SLE
Background
Pathophysiology
- Multi-system, autoimmune condition.
- Cause unknown, but may involve formation of autoantibodies due to defective apoptosis.
Epidemiology
- 10x commoner in women.
- Onset usually in child-bearing years.
- Prevalence by ethnicity: black 1/500, Asian 1/1000, white 1/2000.
Signs and symptoms
- Relapsing-remitting course.
- Wide range of severity.
Symptoms by system:
- Systemic: malaise/fatigue (90%), fever (50%), weight loss, lymphadenopathy.

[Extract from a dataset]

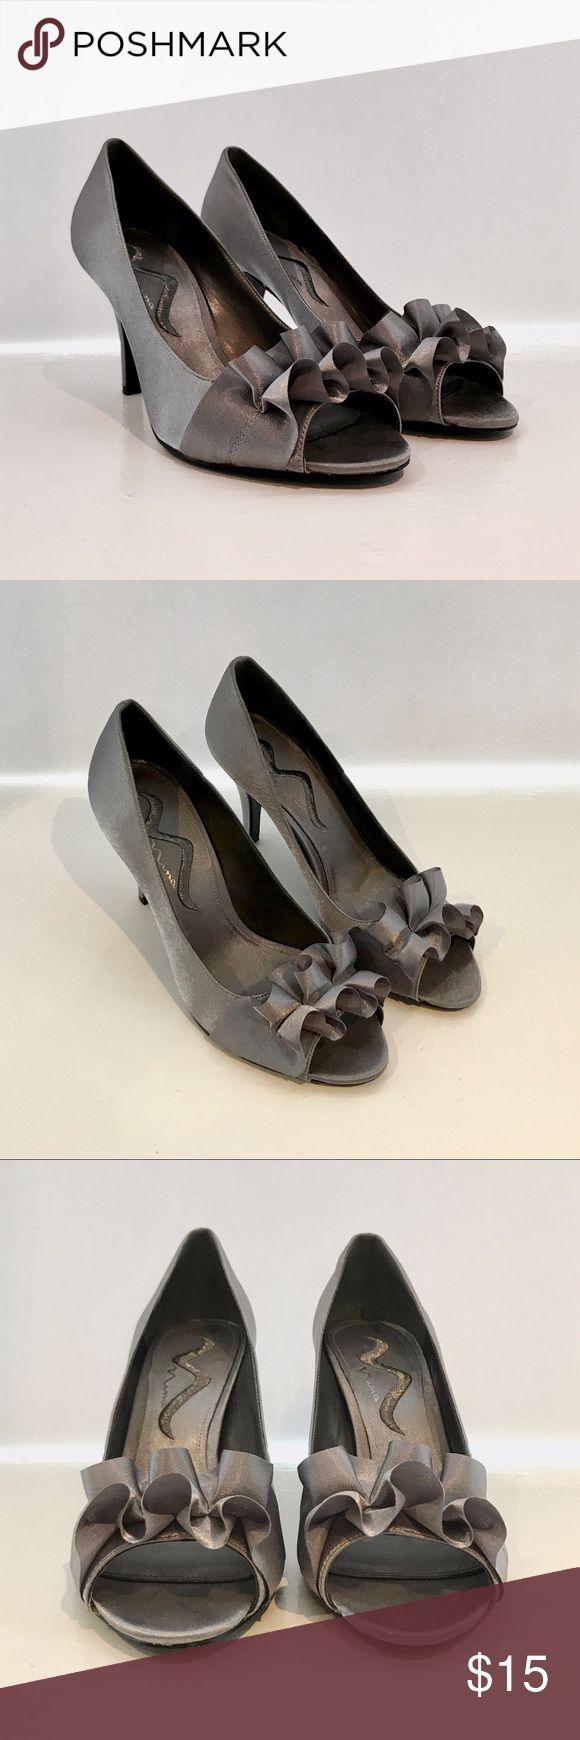 25 best ideas about Nina shoes on Pinterest

- Musculoskeletal (90%): arthritis, usually symmetrical, non-erosive polyarthritis with morning stiffness but without swelling. Also: myalgia, tenosynovitis, and tendon rupture.

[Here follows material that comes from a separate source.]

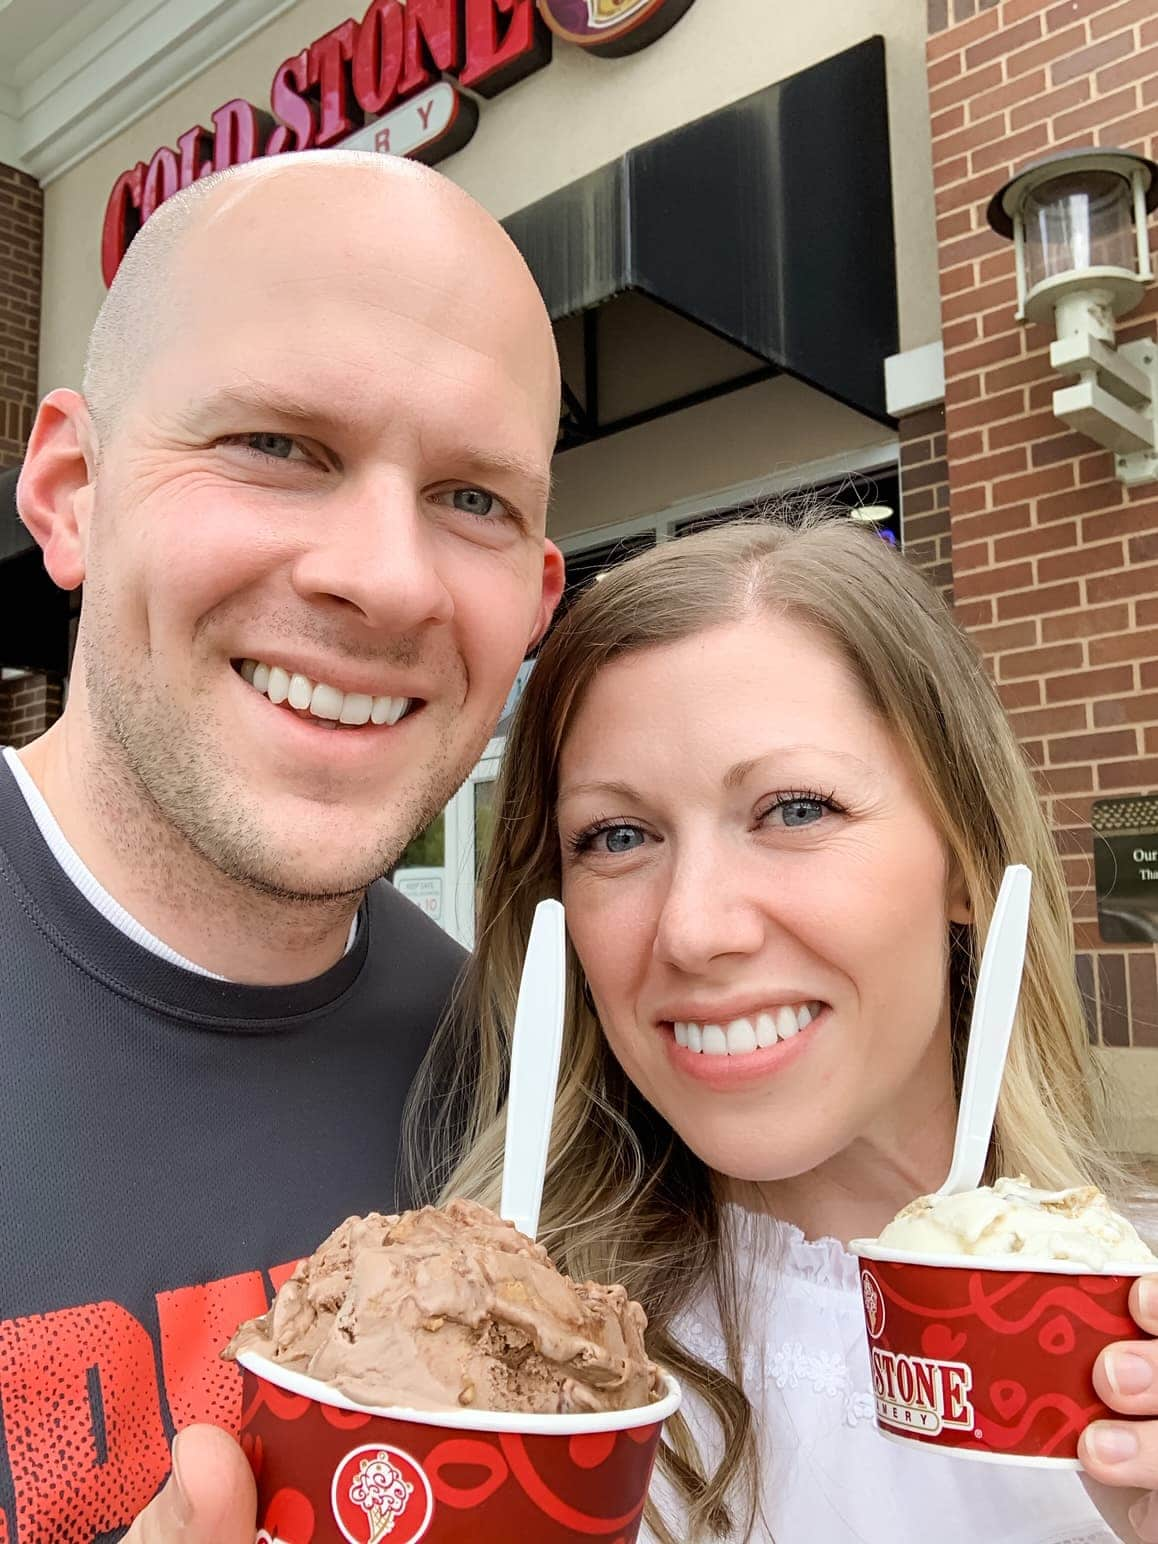 husband and wife holding ice cream

- Skin: malar rash (60%), photosensitivity (40%), discoid rash (20%), Raynaud's (50%).
- Lupus nephritis (50%): 6 classes from minimal mesangial to advanced sclerosis.
- Serositis (50%): pleurisy, pericarditis. Causes SOB and chest pain.
- Respiratory: pleurisy, interstitial lung disease, pulmonary haemorrhage (causes haemoptysis and anaemia).
- Cardiovascular: IHD (5-fold risk), HTN, vasculitis, pericarditis, myocarditis, endocarditis, antiphospholipid syndrome (causes arterial and venous thrombosis).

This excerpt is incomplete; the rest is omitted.